As for the other parties, the Māori Party, though open to dialogue on the matter, have reiterated that they are unlikely to support this bill. Neither United Future, the Conservatives nor the Mana Party are likely to support the issue either, but nor are they likely to return to parliament.

Finally there’s New Zealand First. They have consistently maintained that the issue should go to referendum. Although a referendum might pass, it would come down to its wording. Given the very skewed wording of the Health Select Committee’s terms of reference on the inquiry into assisted dying, I would be very skeptical that such a referendum would be worded well. Nor would it adequately capture the subtleties around safeguards and process which are extremely important in legislation like this. The referendum would also be non-binding, meaning its results could be ignored by the government of the day.
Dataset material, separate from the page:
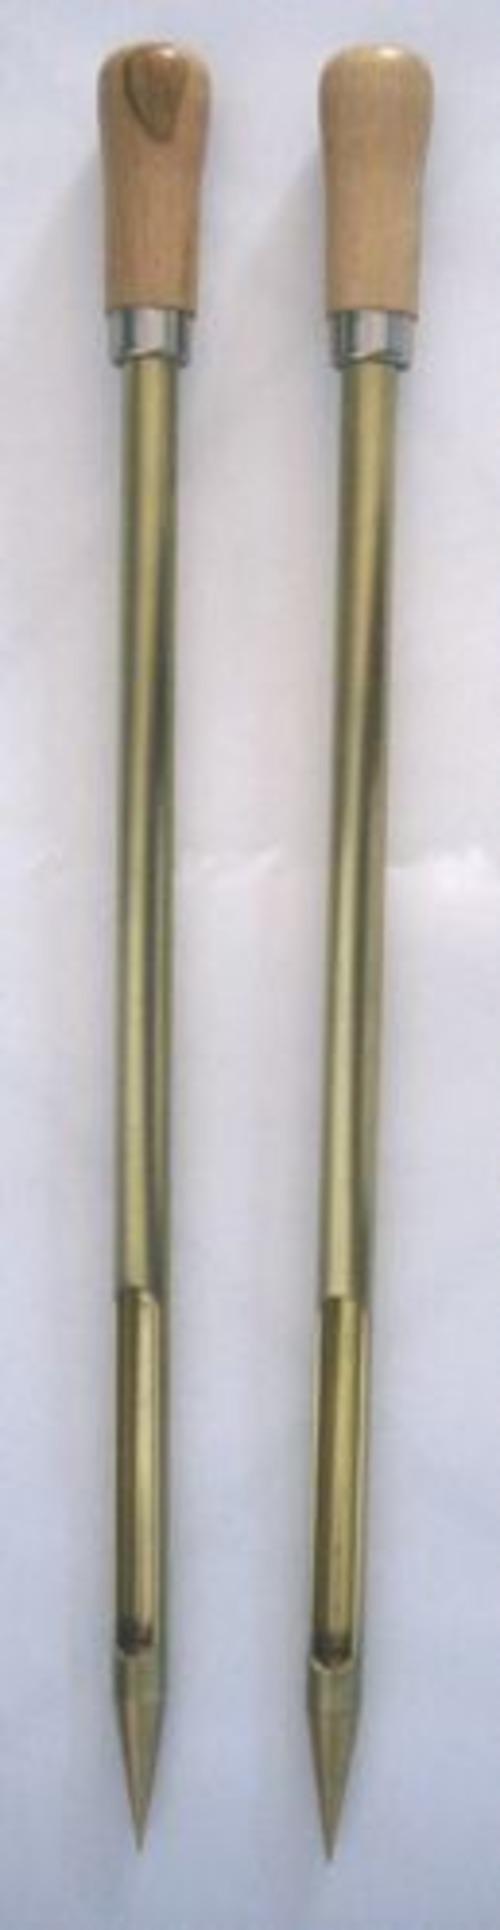 Probenzieher für Sackgut DN 20 mm

Despite New Zealand First being closely associated with the two previous attempts to pass assisted dying laws in New Zealand, via Michael Laws and Peter Brown, the New Zealand First party of today appears to be much more cynical and opportunistic than it used to be.

It’s a shame, because according to the same Horizon poll from May, assisted dying actually sees its highest support among voters age between 65 and 74 years old, at 82% supporting and 8% opposed. That age group forms much of NZ First’s base. That degree of support would give most parties a high level of comfort in taking a much more constructive position. But NZ First isn’t most parties.

I hope they will respect the parliamentary process and vote according to conscience when the End of Life Choice Bill appears at first reading. However, voting for their MPs or their party in the belief they will support this issue is a highly risky proposition, given the position they’ve taken.

In summary, a party vote for Labour, ACT, or the Greens should ensure assisted dying stands the best chance of being legalised via the introduction of the End of Life Choice Bill. When it comes to electorate MPs, there are candidates in all the major parties that support it, but one has to be particularly careful when voting for National candidates as there are more against the bill in that party than for it.